_PROMPT:_ Without including any images, repeat the data exactly.

_DATASET EXTRACT:_
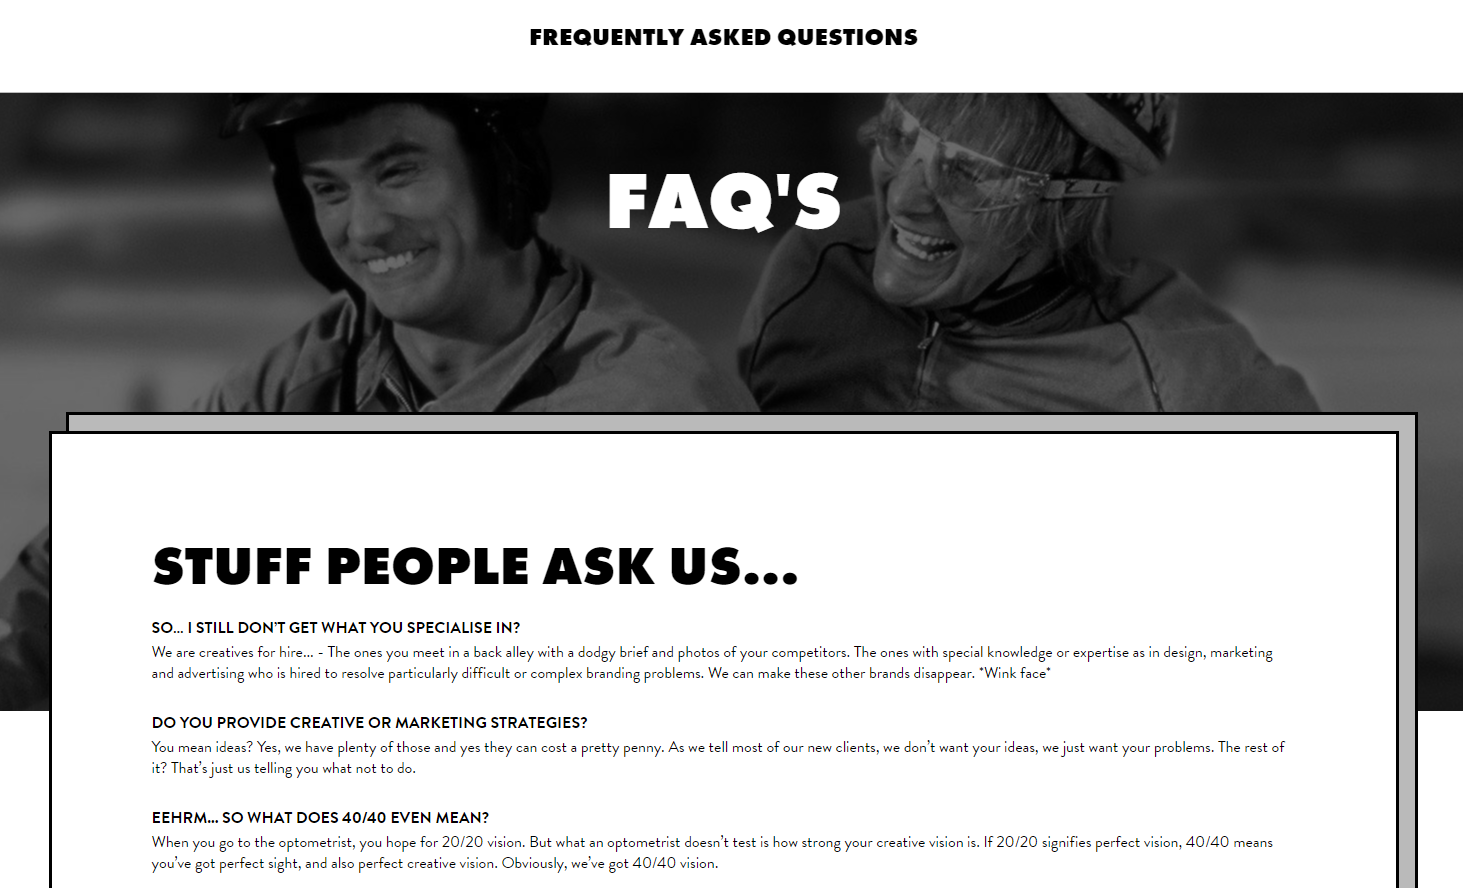 The FAQ page of 40/40 Creative Agency is kept in a humorous style
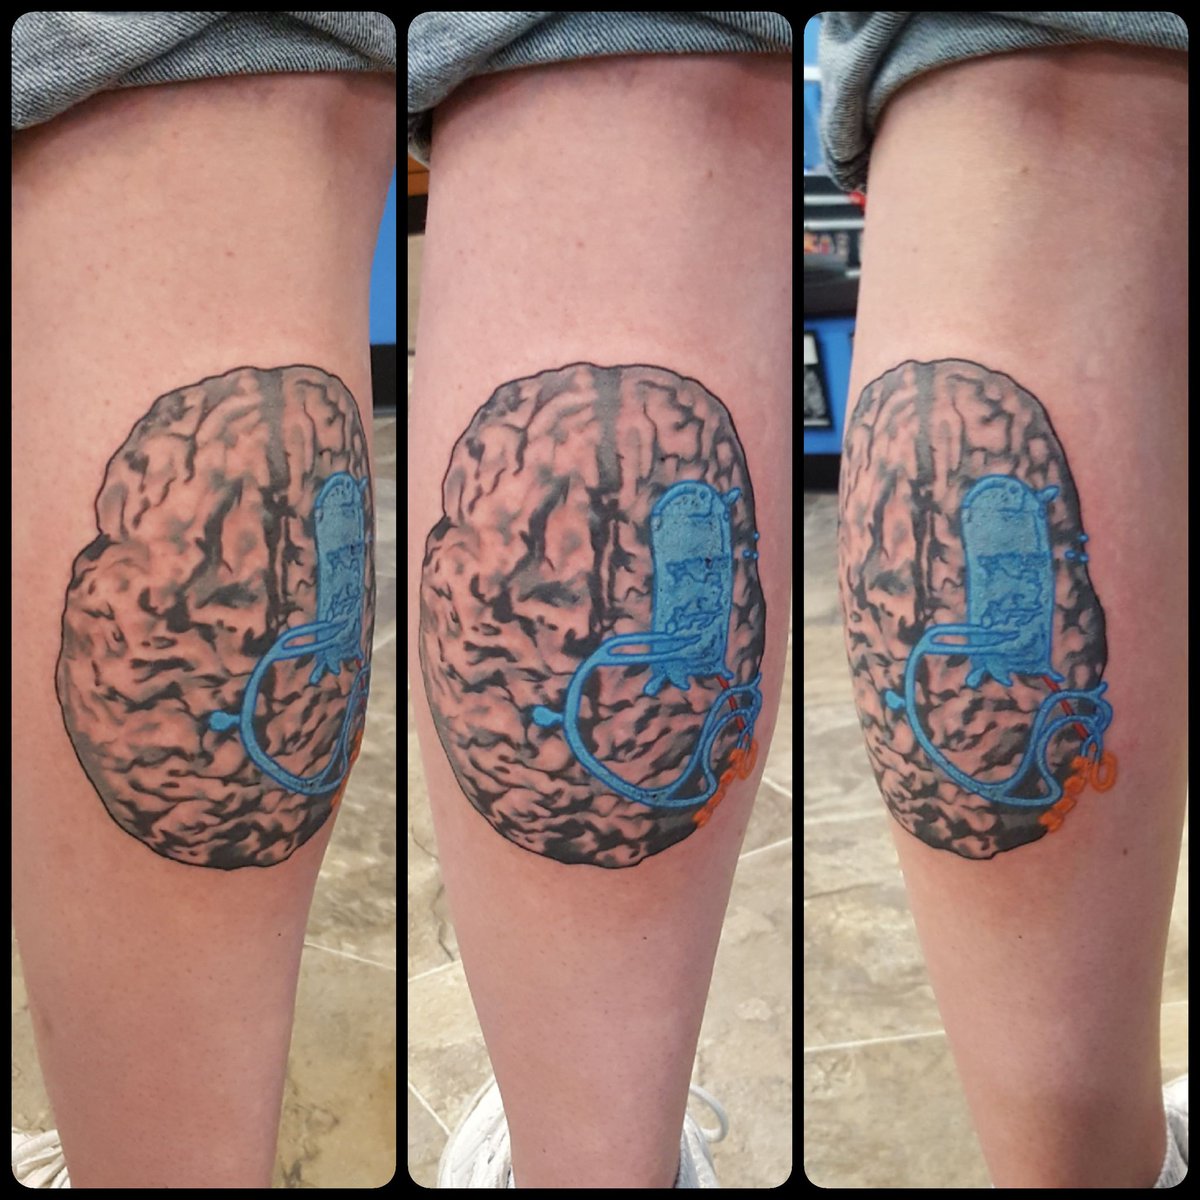 37 Great Epilepsy Tattoos Ideas and Design for Balance  Psycho Tats
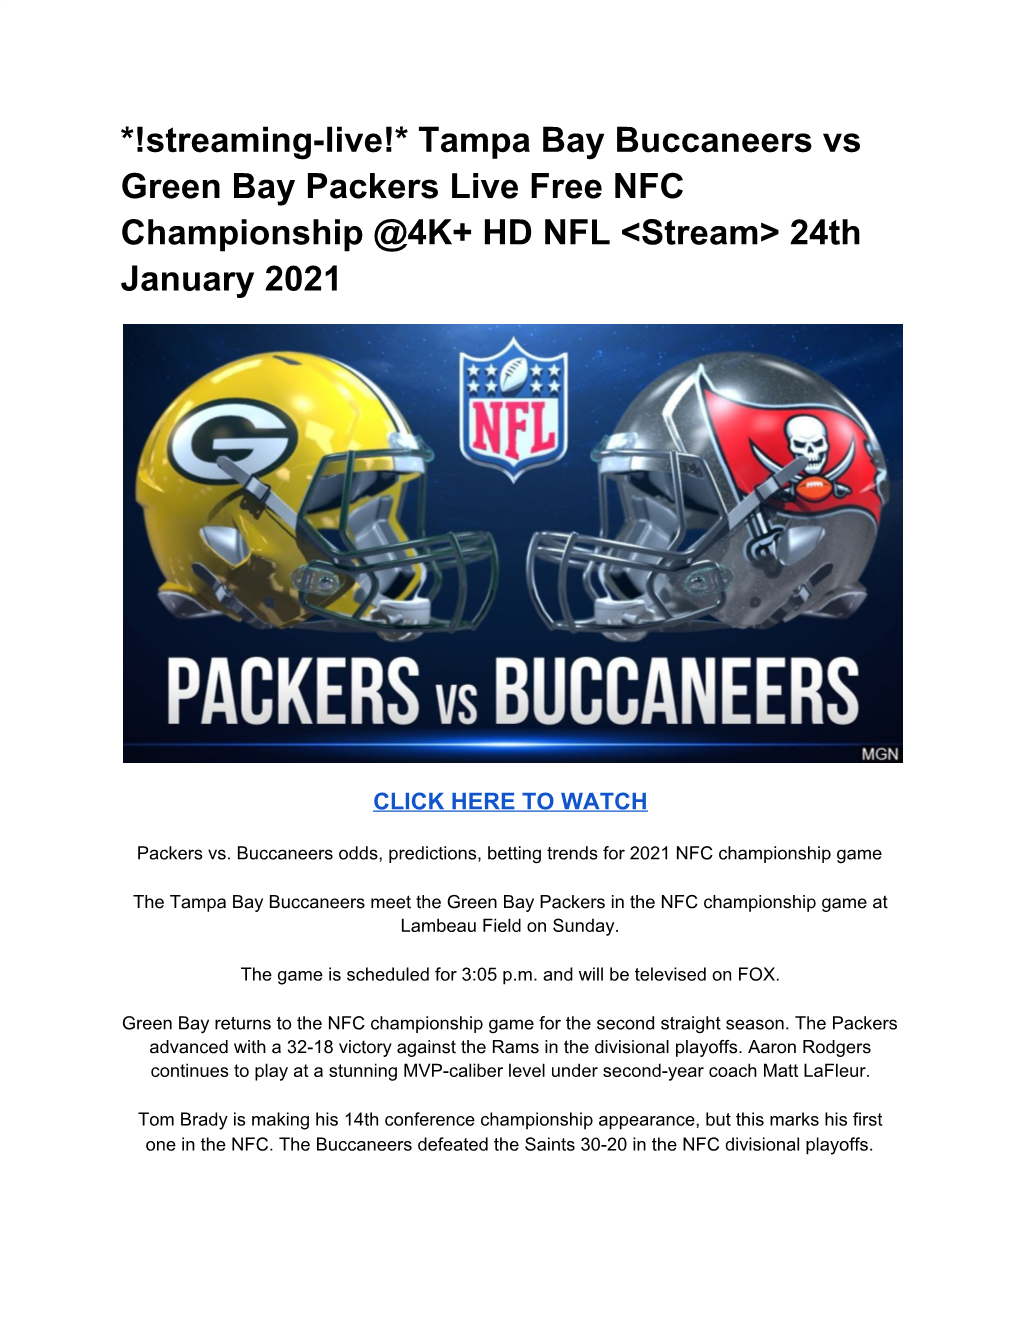 Tampa Bay Buccaneers Vs Green Bay Packers Live Free NFC
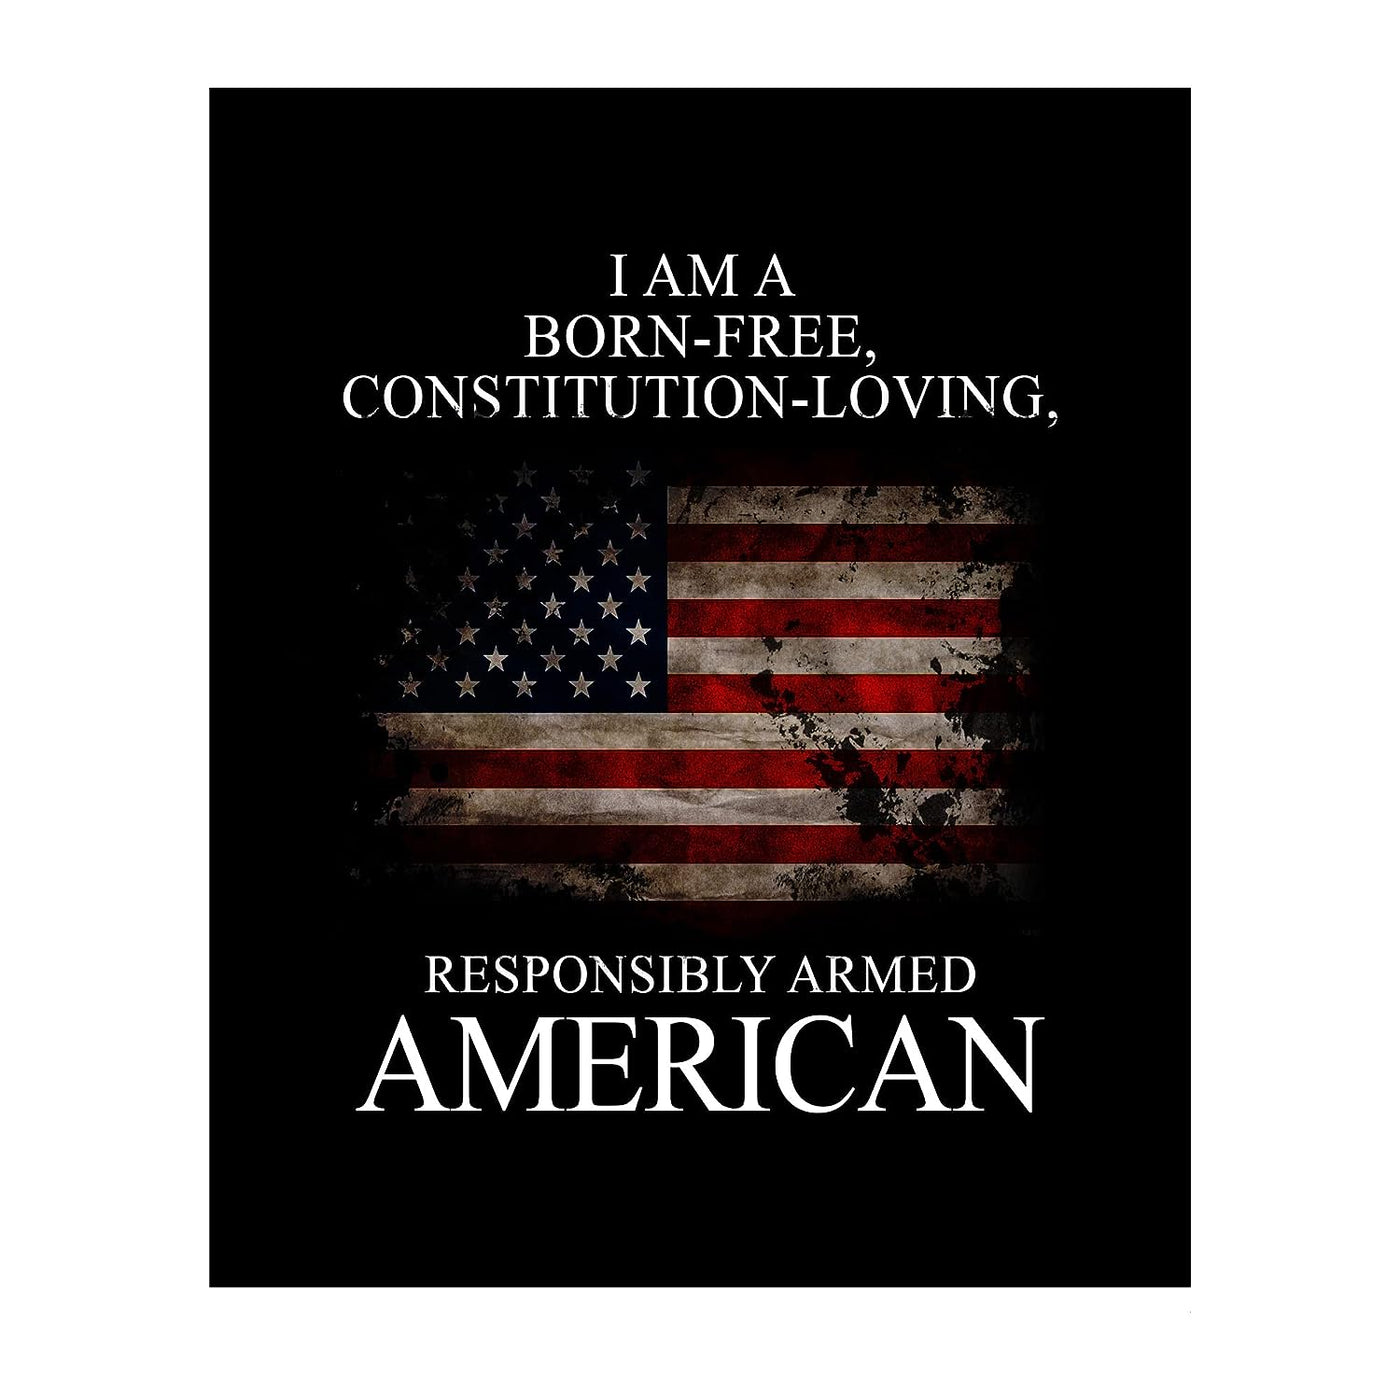 I Am A Born-Free, Responsibly Armed American-Patriotic Quotes Wall Art- 8 x 10" Pro-American Poster Print-Ready To Frame. Perfect Home-Office-Garage-Bar-Cave Decor. Display Your American Pride!

_OUTPUT OF THE EXERCISE:_
 The FAQ page of 40/40 Creative Agency is kept in a humorous style
 37 Great Epilepsy Tattoos Ideas and Design for Balance  Psycho Tats
 Tampa Bay Buccaneers Vs Green Bay Packers Live Free NFC
 I Am A Born-Free, Responsibly Armed American-Patriotic Quotes Wall Art- 8 x 10" Pro-American Poster Print-Ready To Frame. Perfect Home-Office-Garage-Bar-Cave Decor. Display Your American Pride!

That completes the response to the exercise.